Estimation of the best number of clusters using the Kamila algorithm
Source:R/mod_kstar.R
mod_kstar.Rd
Estimation of best number of clusters using the Kamila algorithm on the training set.
Arguments
- PARAM_KAMILA
data frame with all needed parameters for the Kamila method, from which the following parameters are used:
numberofclusters
: The number of clusters returned by the algorithm, i.e. sequence indicating the number of clusters which should be investigated to extract the optimal number of clusters.numinit
: The number of initializations used.maxiter
: The maximum number of iterations in each run.calcnumclust
: Character: Method for selecting the number of clusters.
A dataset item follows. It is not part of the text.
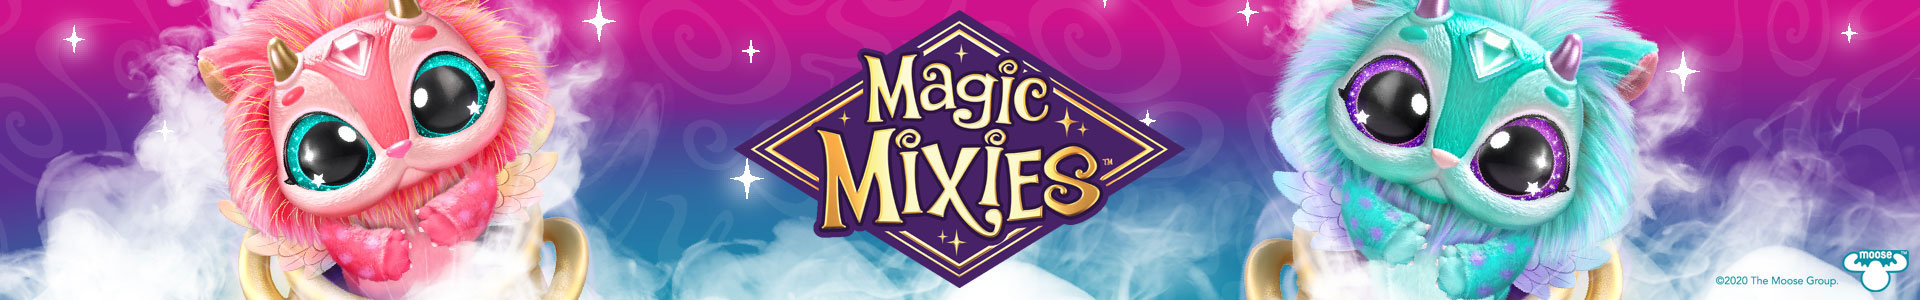 Magic Mixies - Magic Mixies

Setting calcNumClust to ’ps’ uses the prediction strength method of Tibshirani &Walther (J. of Comp. and Graphical Stats. 14(3), 2005).pred_threshold
: Threshold fixed to 0.8 for well separated clusters, i.e. not overlapping.
- CATEG_DF_TS
Training set of the pension register containing all categorical variables as factors.
- CONT_DF_TS
Training set of the pension register containing all the continuous variables.
- list
List of input data frames.
Value
a tidylist containing the following tidy data frames:
KM_RES
Data frame containing the results of the clustering.PARAM_KAMILA
Data frame with the updated kstar parameter.